Some TikTok users immediately had a negative reaction to this serving suggestion, saying things like "yeah no I'm good" and "NVM my sweet tooth disappeared." While neither of the aforementioned influencers have claimed to have invented the dessert (which could easily turn into a disaster), through their videos, many users are discovering the concept for the first time. We promise, there's nothing repellent about that ice cream topping at all—and it's also been around for a long time.

Olive oil and sea salt on vanilla ice cream is delicious (and traditional)

Drizzling olive oil onto vanilla ice cream and sprinkling flaky sea salt on top might seem like an unusual maneuver, but if you haven't tasted it, well, the influencers are right: It's way better than you're imagining.

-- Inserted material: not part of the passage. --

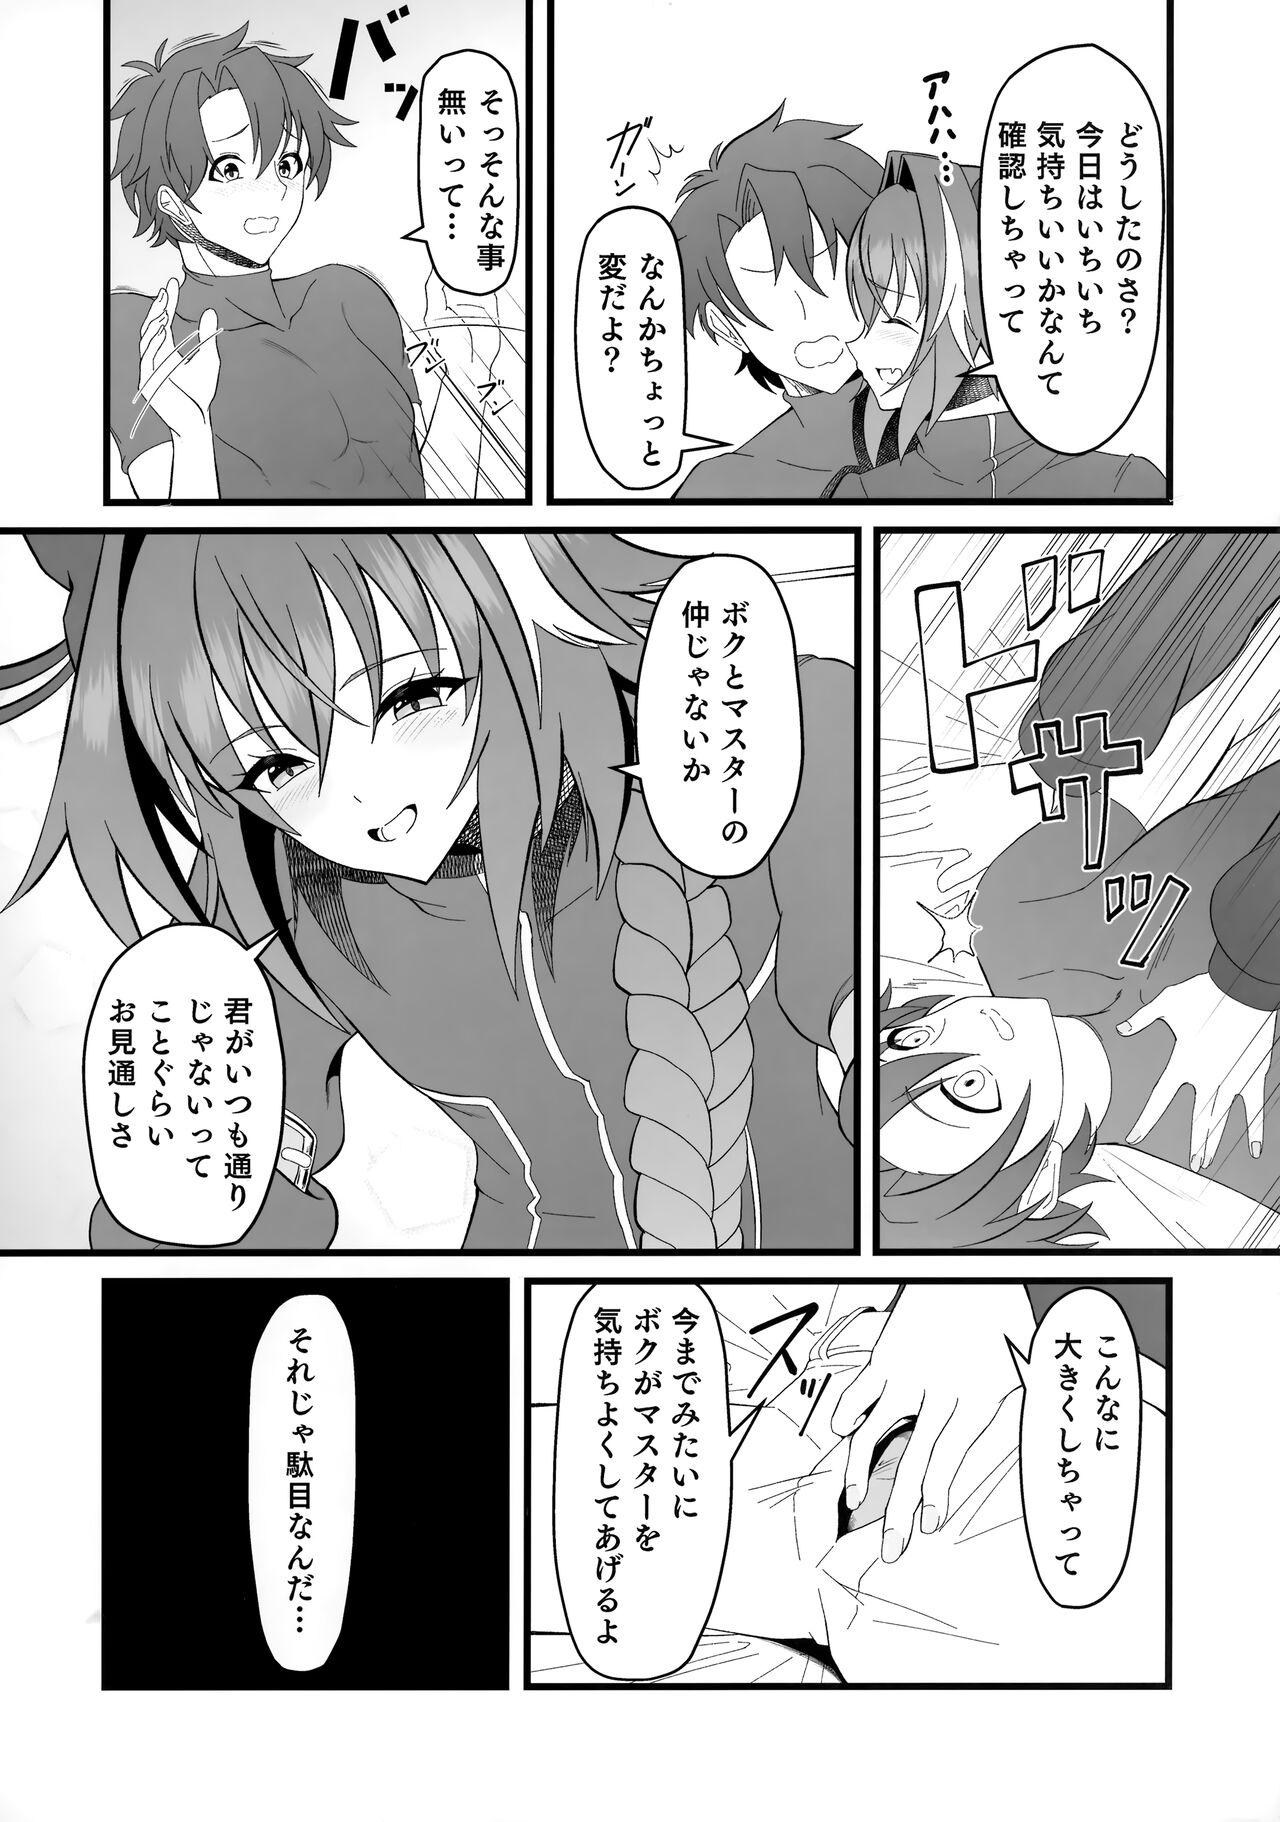 Tugging Kimi no Ichiban ni Naritakute - I wanted to be your number one. - Fate grand order Closeup - Page 7

This dessert is great for multiple reasons, including texture. When you pour a small stream of olive oil onto ice cream, it grows colder, and as it cools down from room temperature, it thickens up. Trendy olive oil retailer Brightland notes that once olive oil reaches a temperature between 35 to 40 degrees Fahrenheit, it turns into the consistency of soft butter.

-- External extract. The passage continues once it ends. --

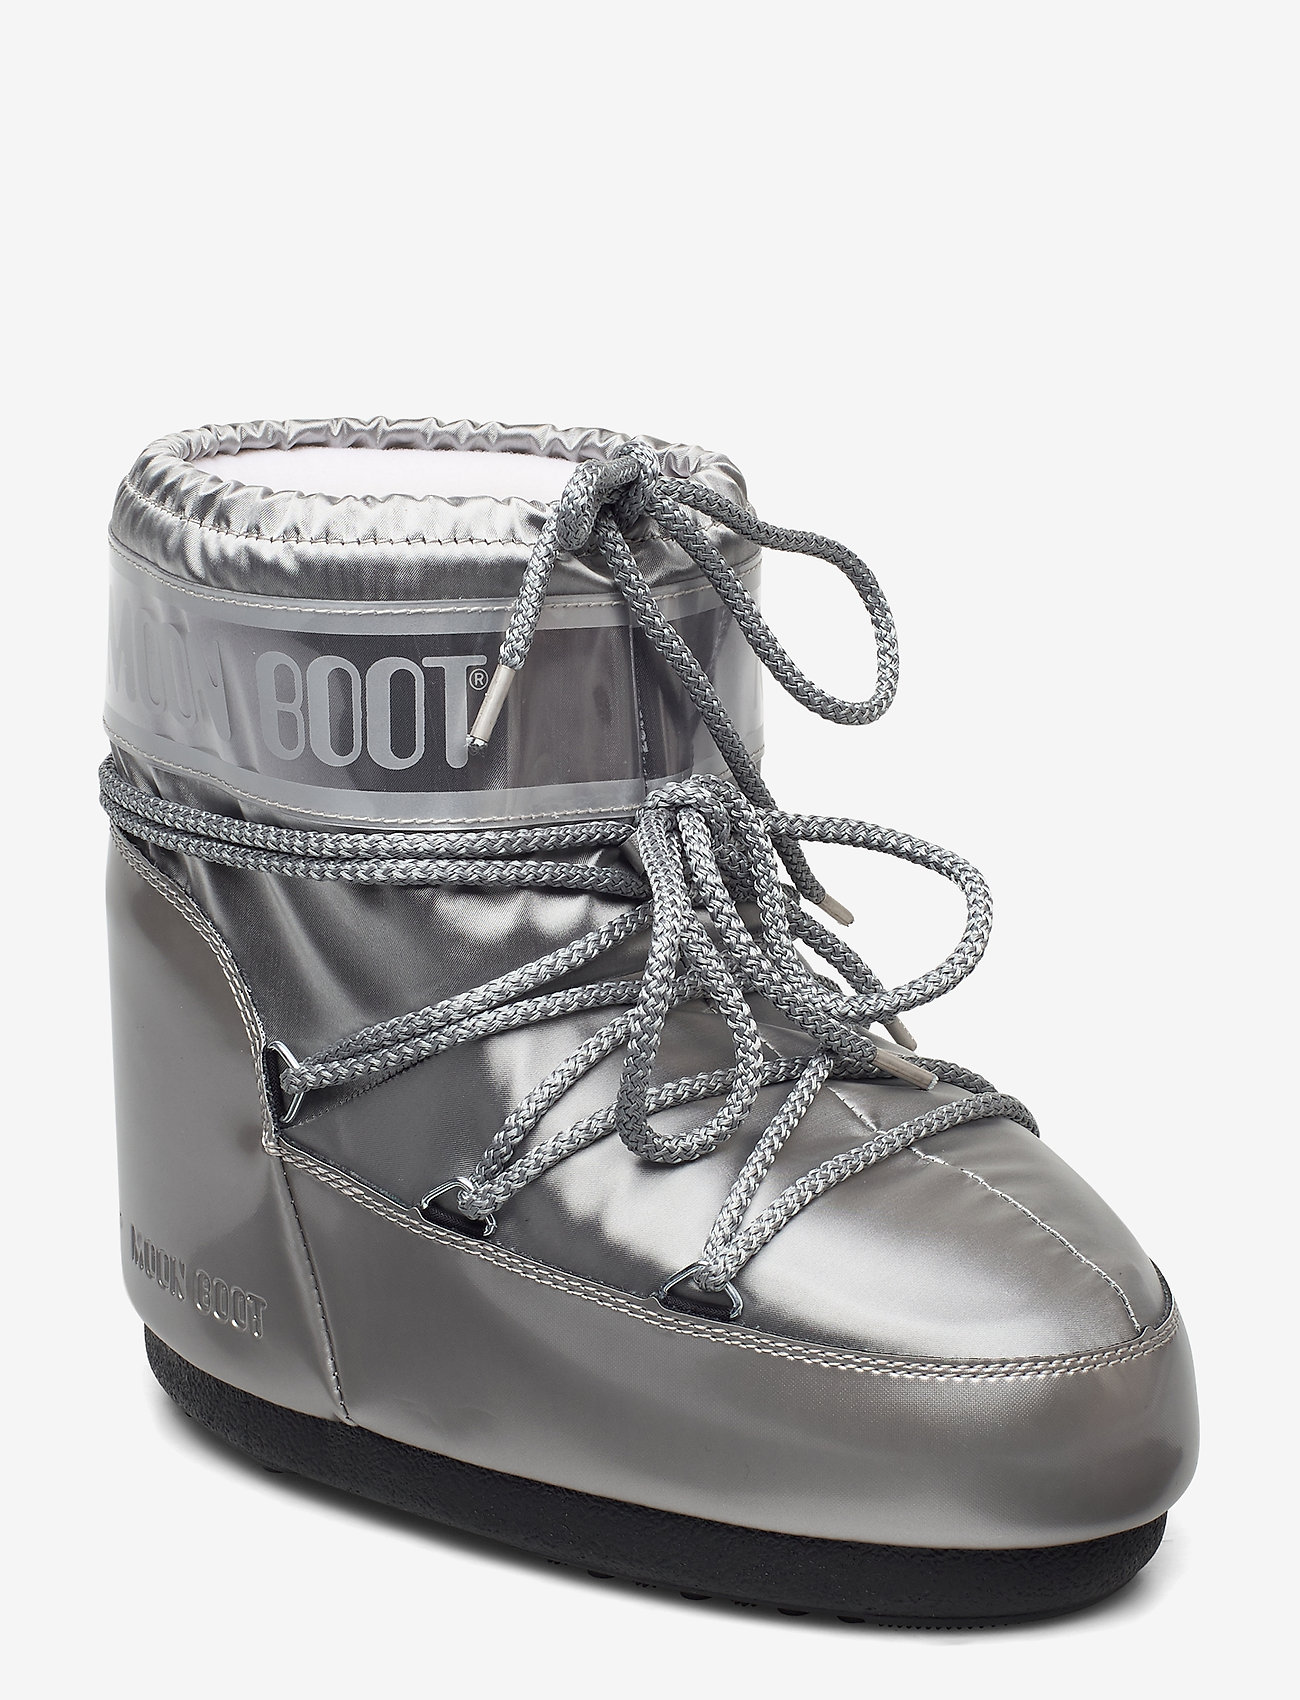 moon boot official site

Once the thickened olive oil warms up again in your mouth, that signature fruity olive oil flavor blooms across your palate. At the same time, the salt melts with the ice cream, offering little bursts of salinity against the sweet backdrop of vanilla and cream.

The trick is not to add an exorbitant amount of oil; I recommend you use just enough to coat the ice cream. And using flaky sea salt is key—table salt doesn't have that crunchy dramatic texture, plus the flaky salt creates its savory effect in bursts rather than a blanket as smaller grains would.

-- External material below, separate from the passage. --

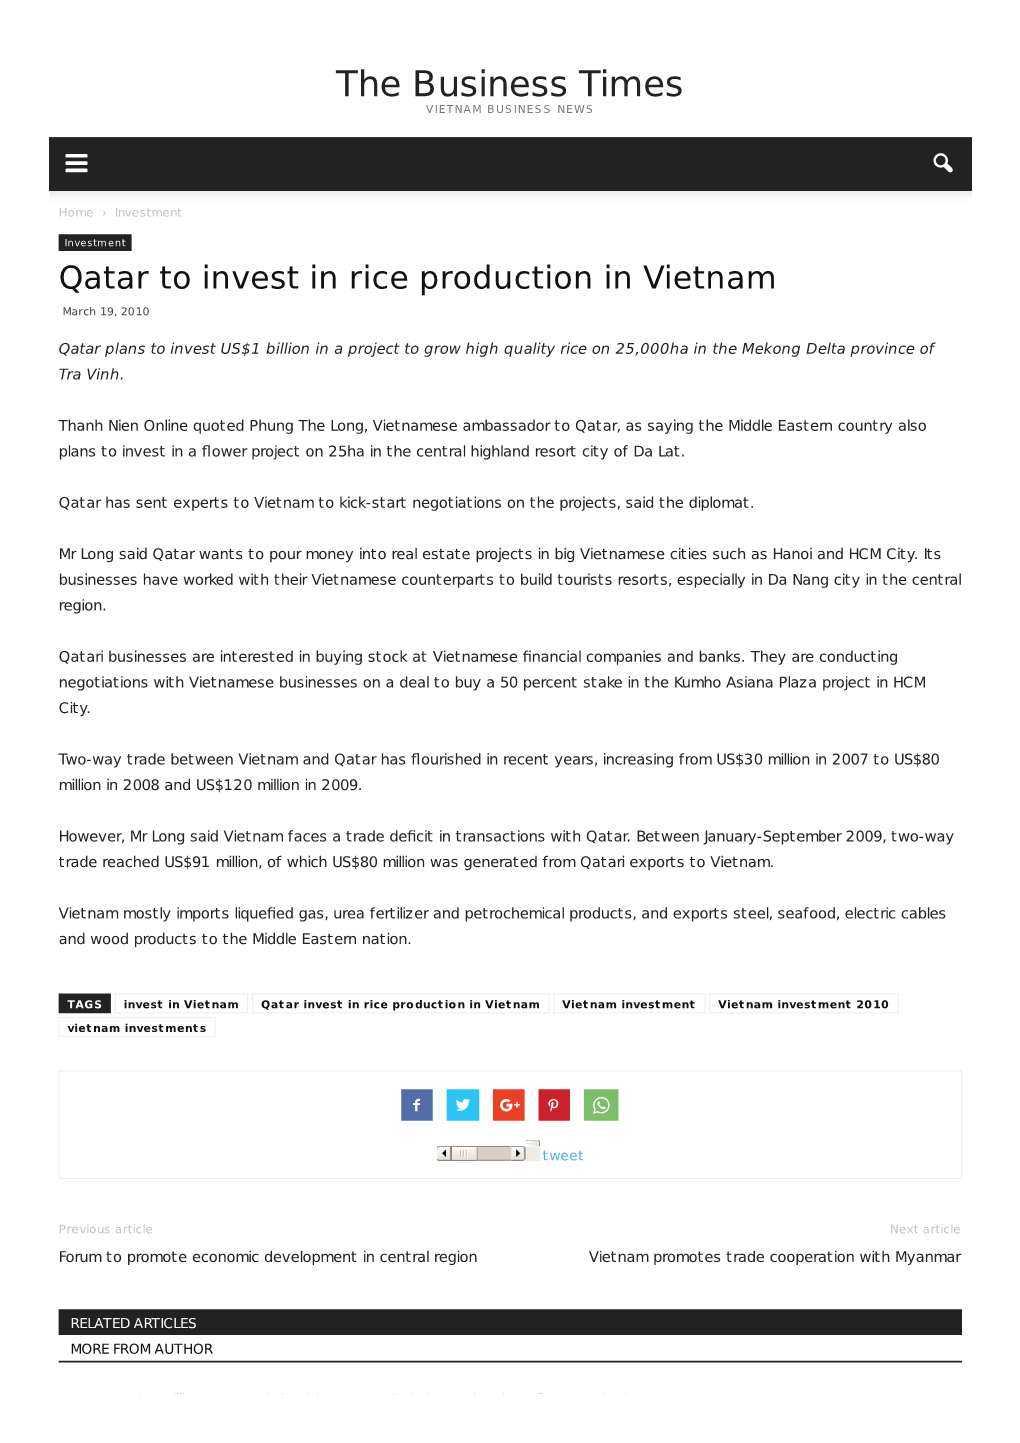 Qatar to Invest in Rice Production in Vietnam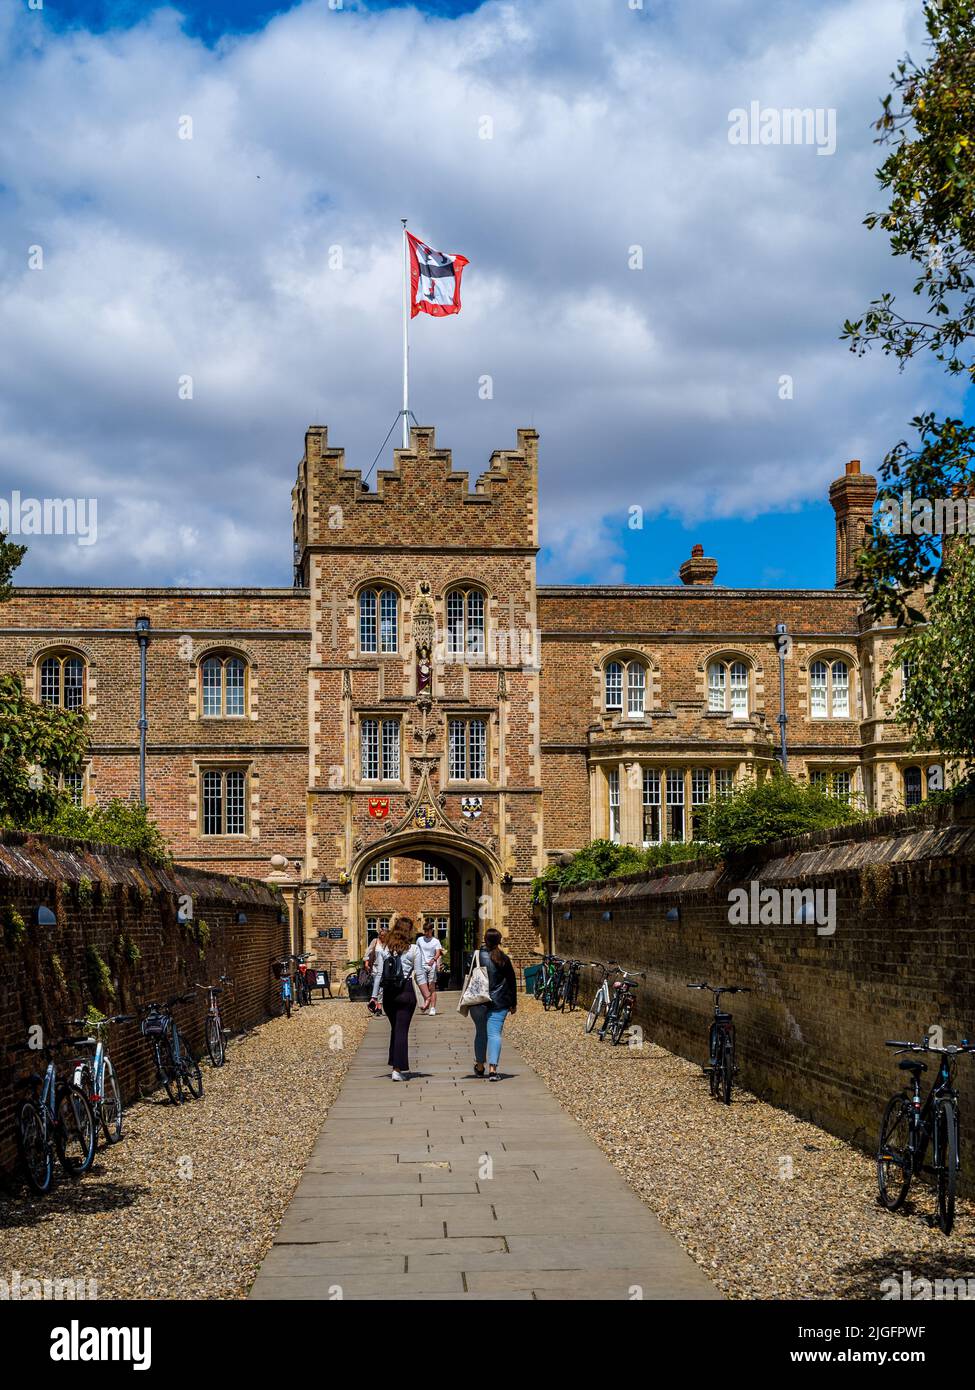 Jesus College Cambridge - Main gate entrance walkway, known as the chimney, to Jesus College, part of the University of Cambridge. Founded in 1496. Stock Photo

Olive oil and sea salt on ice cream isn’t new

People have been pairing olive oil and salt with ice cream for a long time now. The practice originated in Italy, from a gelato combo known as gelato con olio e sale. The American public became more aware of it when Big Gay Ice Cream in New York City started serving it from its ice cream truck in 2009.

Pop singer and actress Dua Lipa is a documented fan of the combination. She posted about it on X in 2022, with a photo caption saying "olive oil ice cream for the win."

She also gushed about it in an interview on the Radio 1 Breakfast show in November 2023, telling host Greg James, "So many people that I've showed it to, I've brought to the dark side."

Other ways to eat oil on ice cream

If you've never tried the olive-oil-and-sea-salt thing on ice cream, it's easy enough to accomplish at home, so I encourage you to prepare a bowl; as long as your olive oil is decent, you're good. But there's another unusual pairing involving oil and ice cream that I'm a fan of too.

Try chili crisp (such as Lao Gan Ma brand) on top of ice cream. No need for salt in this case, since the condiment is already salty. The combination of salt, spicy chili, and numbing Sichuan pepper on the backdrop of ice cream really works. This practice isn't new either—food writer J. Kenji López-Alt stands by it, and McDonald's China served it as a novelty for one day only in 2021.

Sorry, TikTok, but you're late to the game as always. For all you olive oil ice cream haters out there, though, feel free to stick to your Hershey's syrup. We cool kids already have our own midnight snack ready to go.